ENTRIES PROVIDED:
○ ○ ○ ○

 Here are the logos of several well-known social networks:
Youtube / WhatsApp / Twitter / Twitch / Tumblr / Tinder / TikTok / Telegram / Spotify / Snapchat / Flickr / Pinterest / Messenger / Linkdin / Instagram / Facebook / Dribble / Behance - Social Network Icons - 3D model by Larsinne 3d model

○ ○ ○ ○

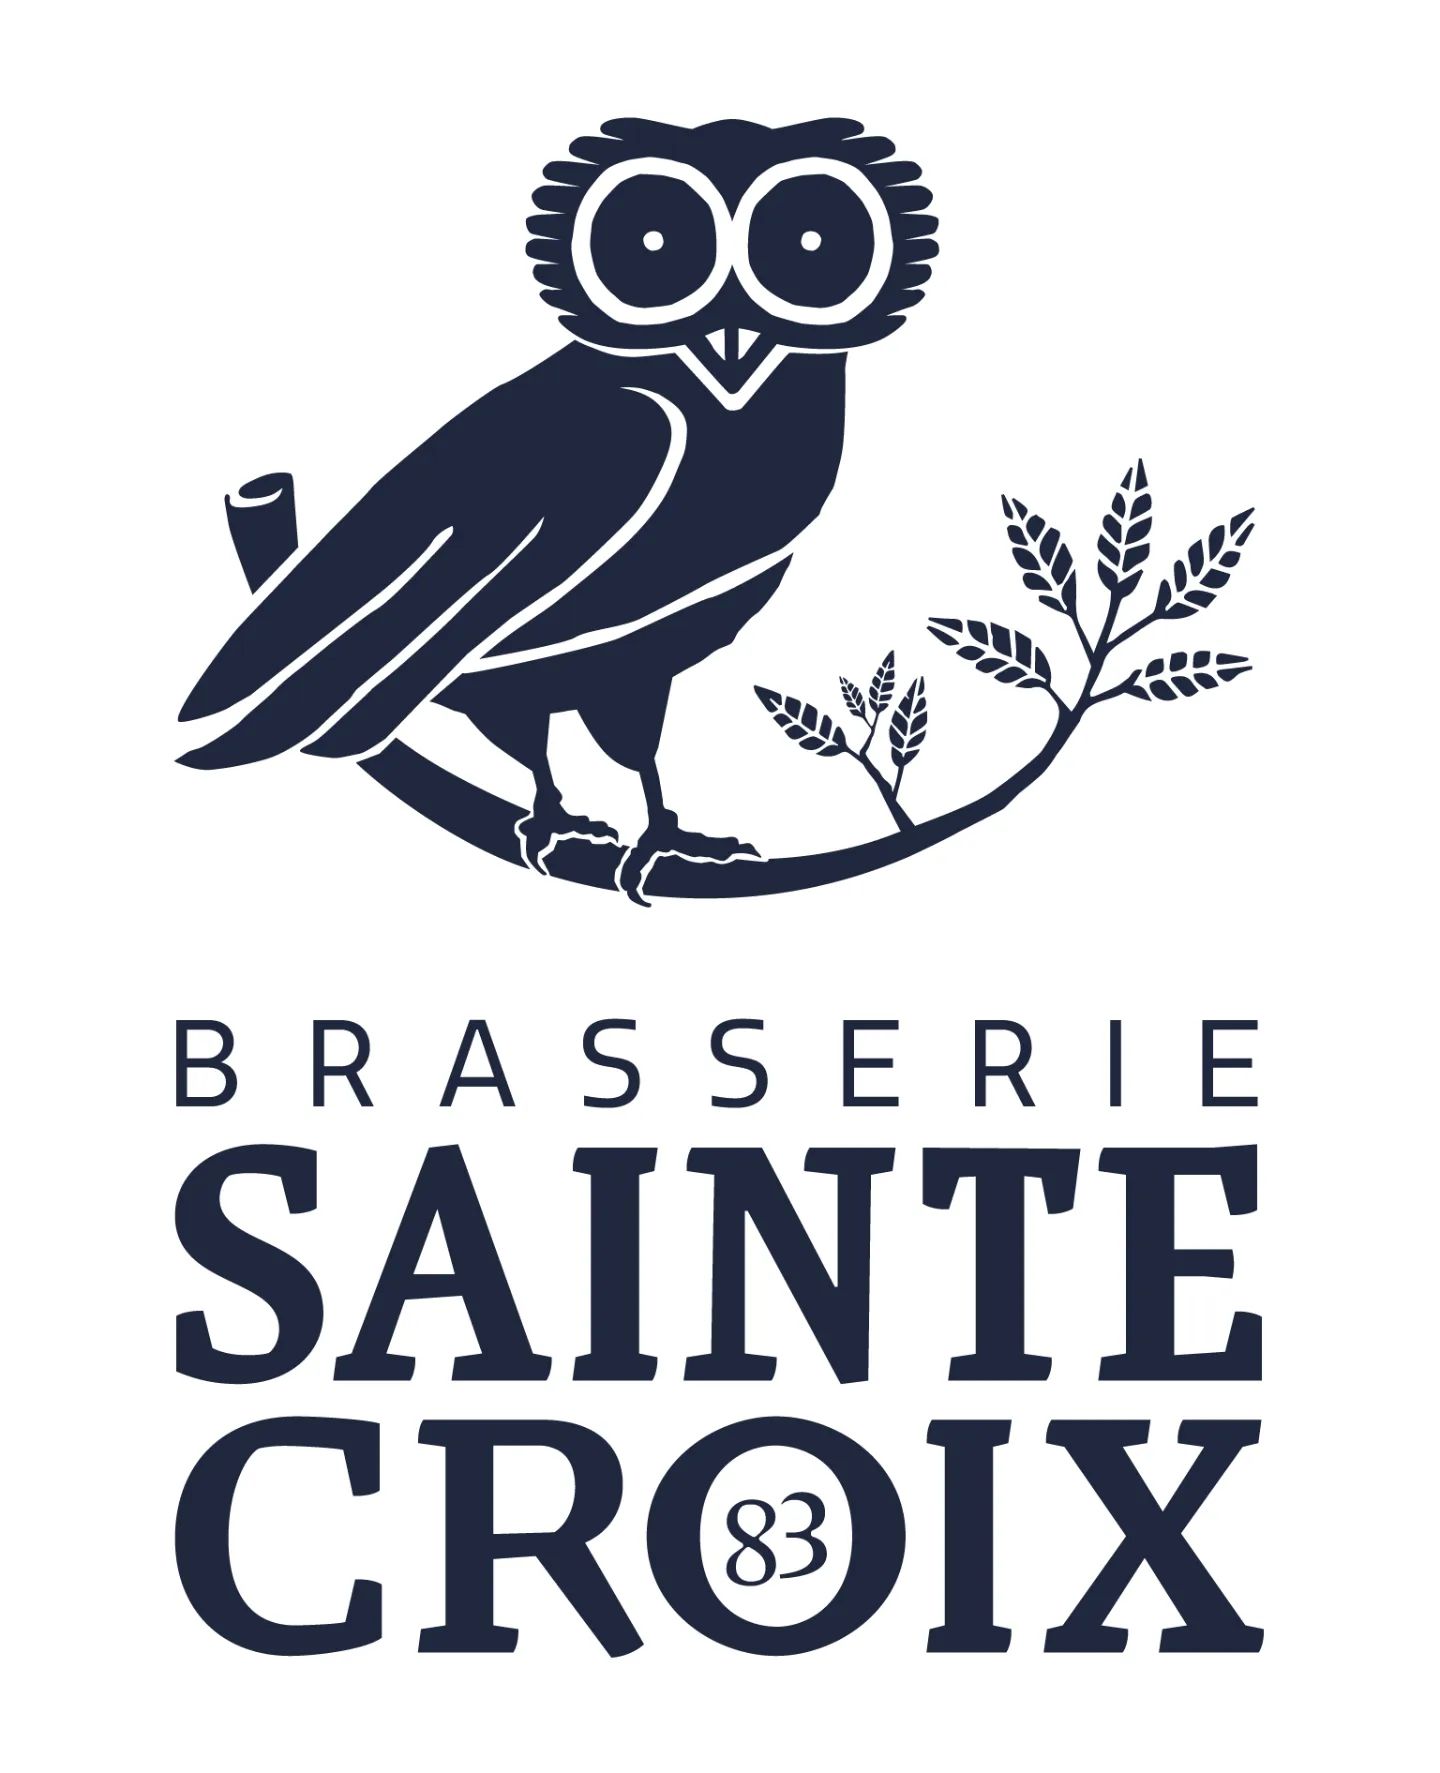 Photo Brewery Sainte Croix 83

○ ○ ○ ○

YOUR GOAL: Copy out, word for word, the part of the entries above that begins at the line with "Here are the" and ends at the line with "Youtube / WhatsApp", including both.

TASK ANSWER:
 Here are the logos of several well-known social networks:
Youtube / WhatsApp / Twitter / Twitch / Tumblr / Tinder / TikTok / Telegram / Spotify / Snapchat / Flickr / Pinterest / Messenger / Linkdin / Instagram / Facebook / Dribble / Behance - Social Network Icons - 3D model by Larsinne 3d model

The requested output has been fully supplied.